On the bottom of the statue, not normally visible, is a carving of Tlaltecuhtli ("earth-lord").

Discovery

The statue was discovered in the main plaza of Mexico City on 13 August 1790. The sun stone (also known as the "calendar stone") was found nearby on 17 December.

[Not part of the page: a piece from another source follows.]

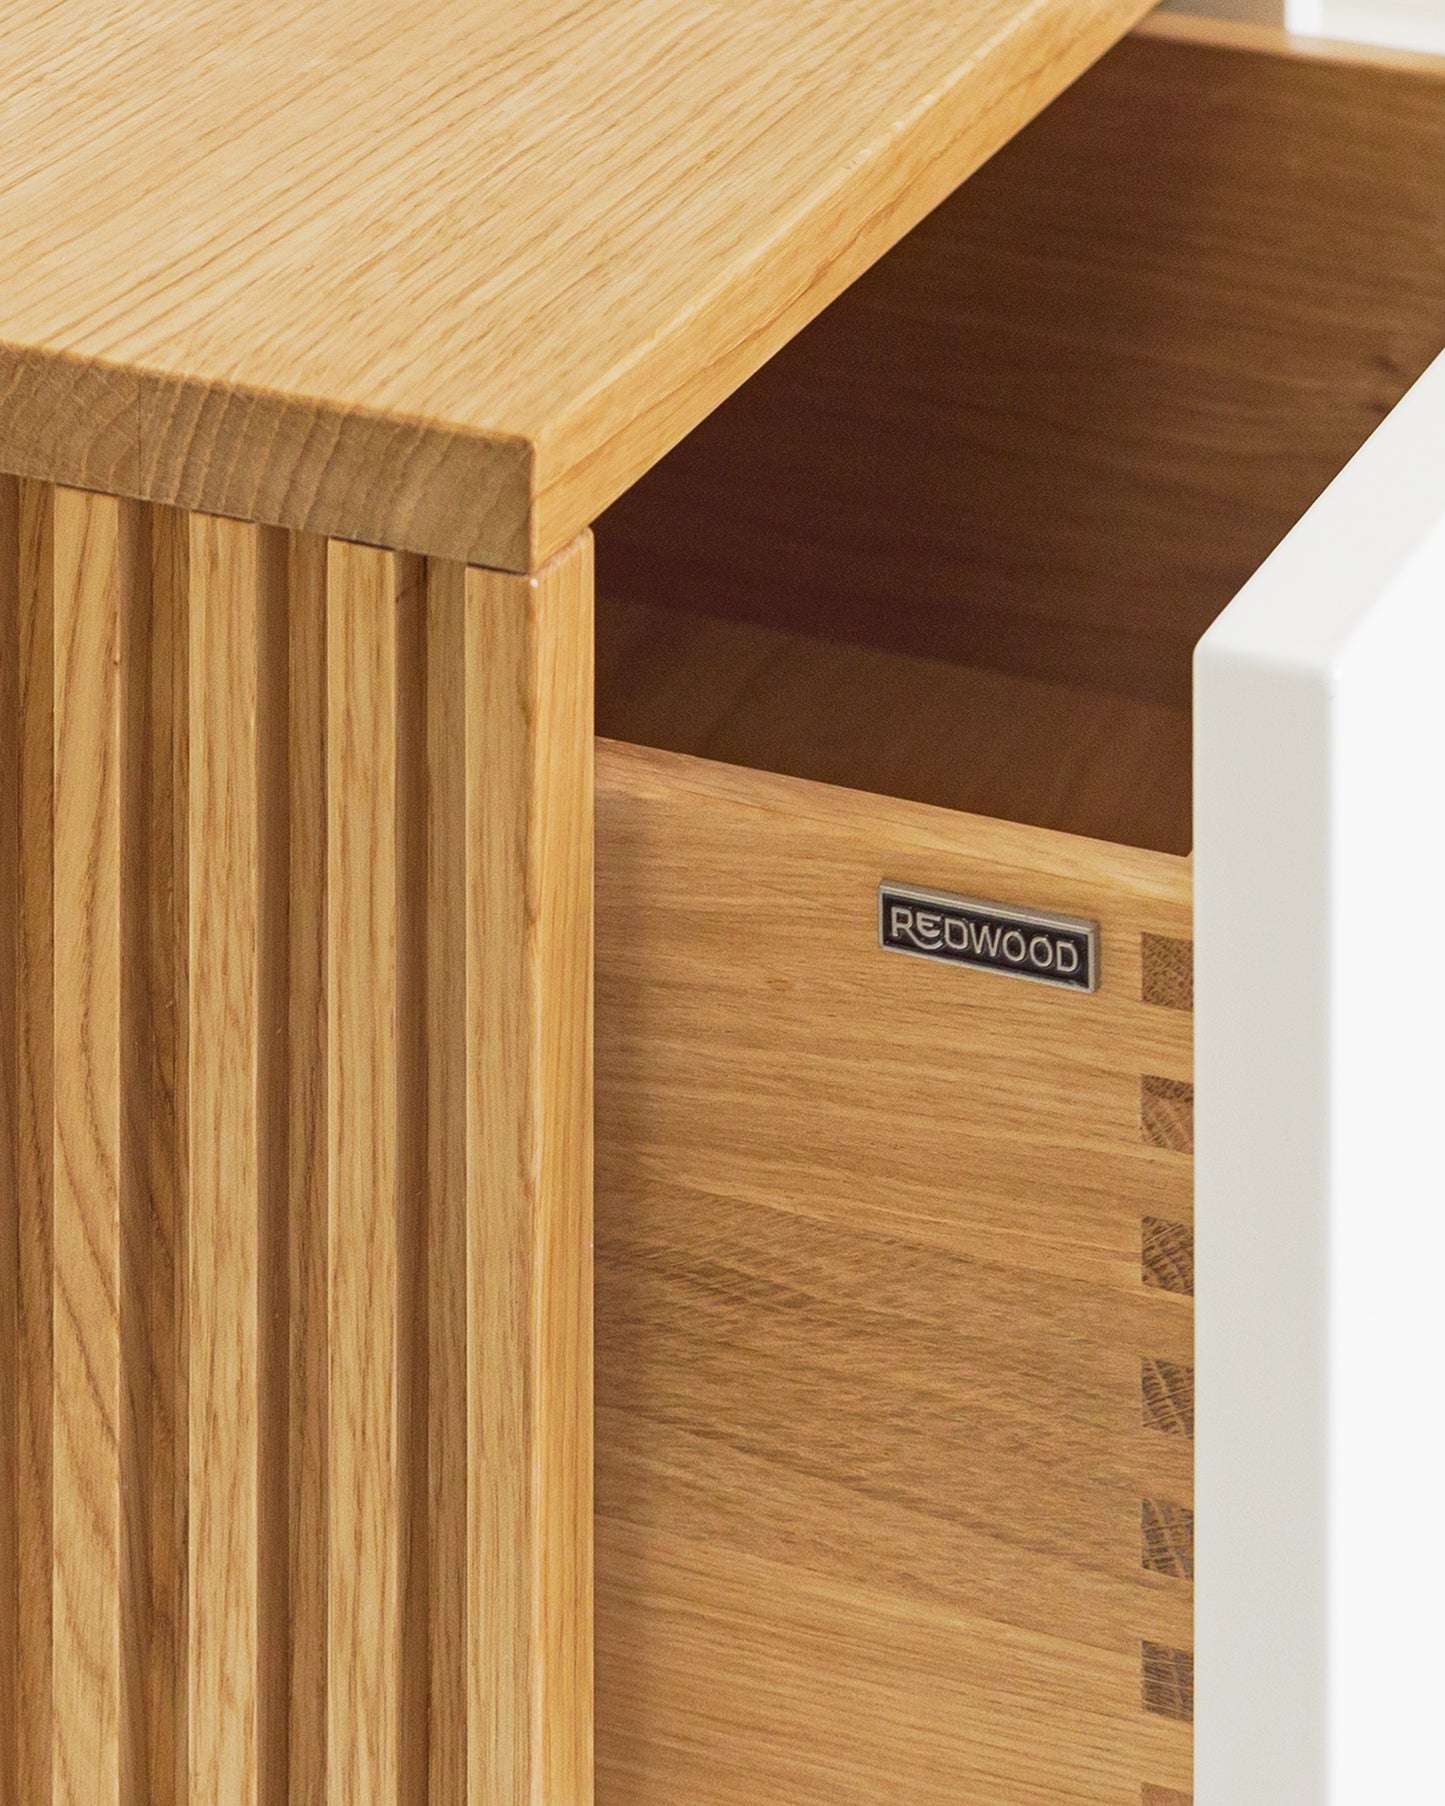 Sideboard XL in Eiche weiß:Schubladen in Massivholz:Die Verwendung von Massivholz für die Schubladen und die unterseitige (also nicht sichtbare) Befestigung der Auszüge sorgen nicht nur für ein hochwertiges Design, sondern auch für maximale Stabilität und Langlebigkeit.
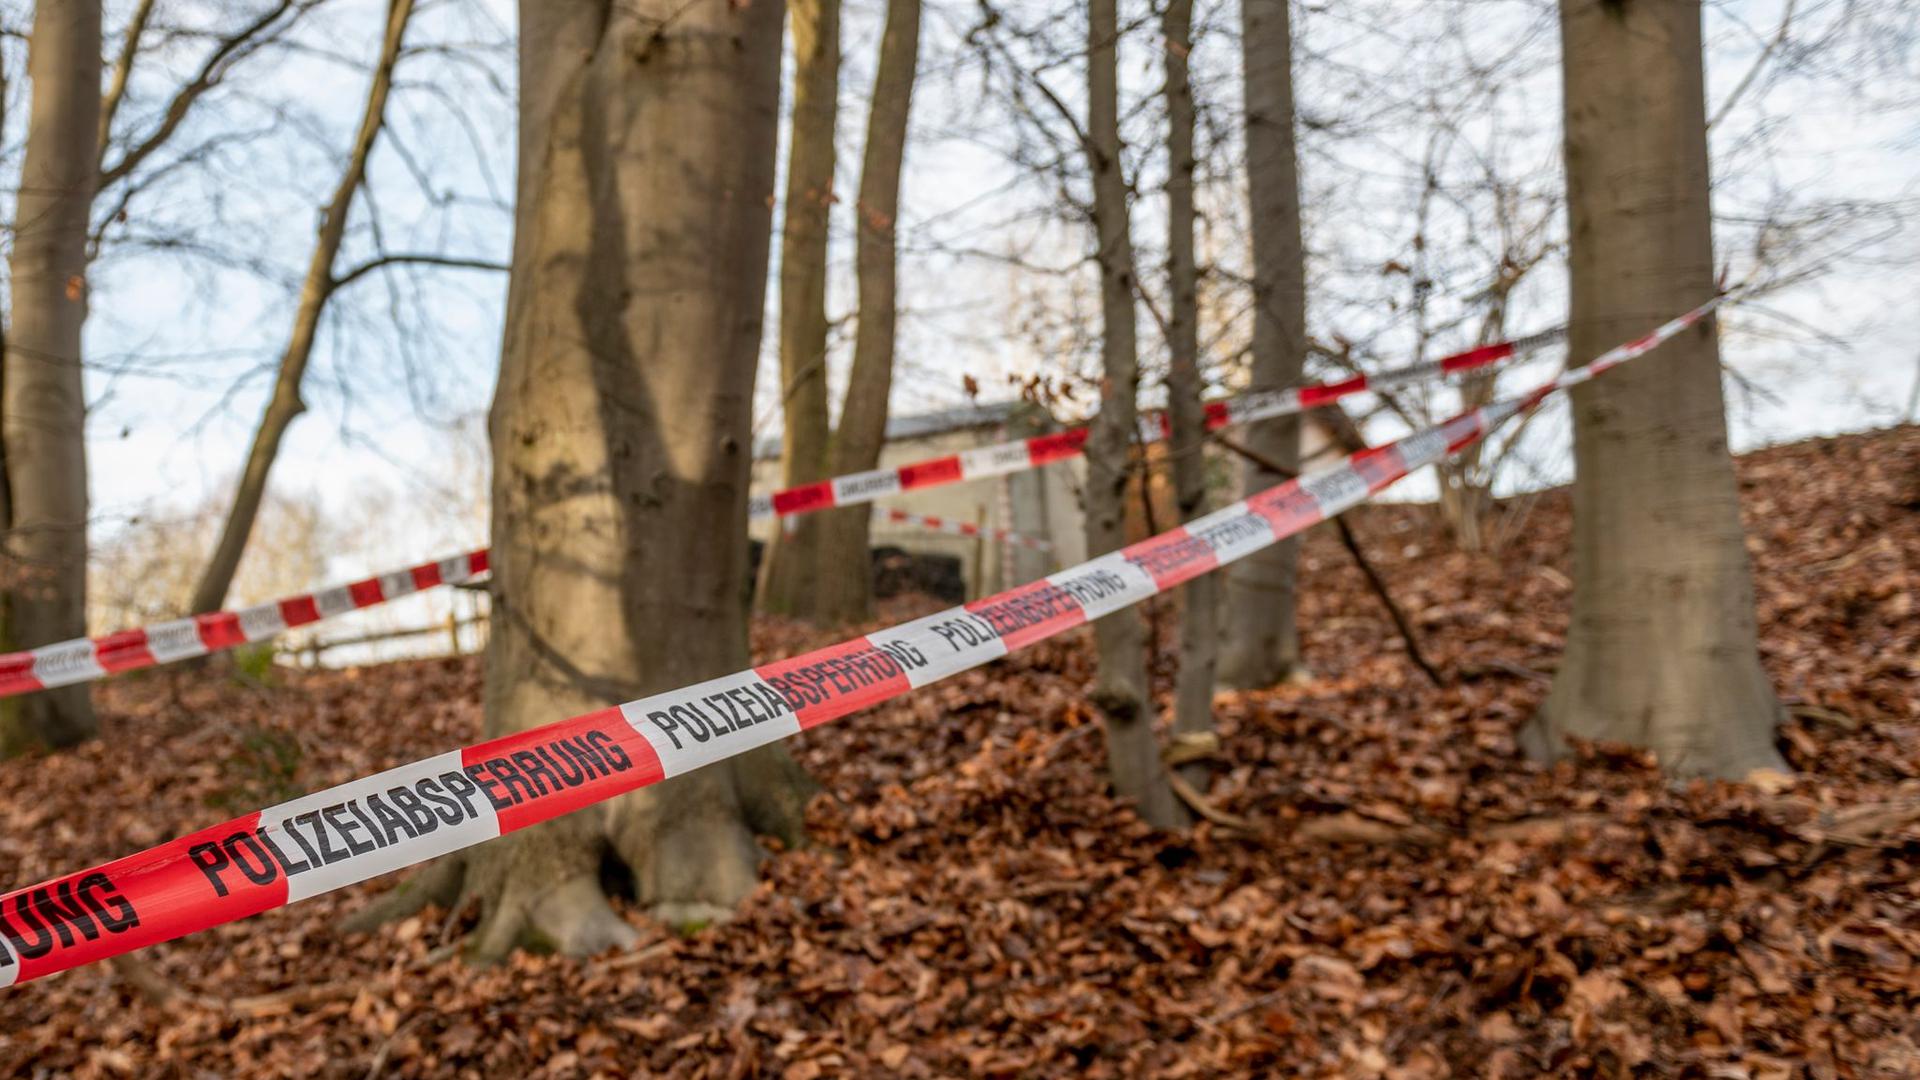 In diesem Wald bei Seevetal in Niedersachsen sind in einem Erddepot möglicherweise Hinterlassenschaften der linksterroristischen RAF gefunden worden.

The first scholar to study the statue was Antonio de León y Gama, who incorrectly identified the god depicted as "Teoyamiqui" (i.e. Teoyaomiqui).[1]

Reactions

Criollos and Europeans regarded the statue as a horrible, deformed monster. Mexican Indians on the other hand began to worship it, visiting it with candles and adorning it with flowers. To prevent this, the statue was buried in the patio of the University of Mexico where it could not be seen.[2]

Copies

The statue was dug up in 1803, so that Alexander von Humboldt could make drawings and a cast, after which it was reburied. It was again dug up in 1823, so that William Bullock could make another cast, which was displayed the next year in the Egyptian Hall in Piccadilly, London, as part of Bullock's Ancient Mexico exhibition.[3]

Other statues

Another statue, called Yolotlicue ("heart-her-skirt"), was discovered in 1933. Though badly damaged, it is identical to Coatlicue except for having a skirt of hearts instead of snakes. Two fragments of a similar statue or statues also exist, suggesting that these were part of a larger set.[4]

References

  1. León y Gama, Antonio de (1792). Descripción histórica y cronológica de las dos piedras. México: Impr. de Don F. de Zúñiga y Ontiveros. 
  2. Leask, Nigel (2004) [2002]. Curiosity and the Aesthetics of Travel Writing, 1770–1840: From an Antique Land. Oxford: Oxford University Press. pp. pp. 278, 313. ISBN 0-19-926930-0. 
  3. Boone, Elizabeth Hill (1987). "Templo Mayor Research, 1521–1978". The Aztec Templo Mayor: A Symposium at Dumbarton Oaks, 8th and 9th October 1983. Washington, D.C: Dumbarton Oaks Research Library and Collection. pp. p. 25. ISBN 0-88402-149-1. 
  4. Boone, Elizabeth Hill (1989). Incarnations of the Aztec Supernatural: The Image of Huitzilopochtli in Mexico and Europe. Philadelphia: The American Philosophical Society. pp. p. 47. ISBN 0-87169-792-0.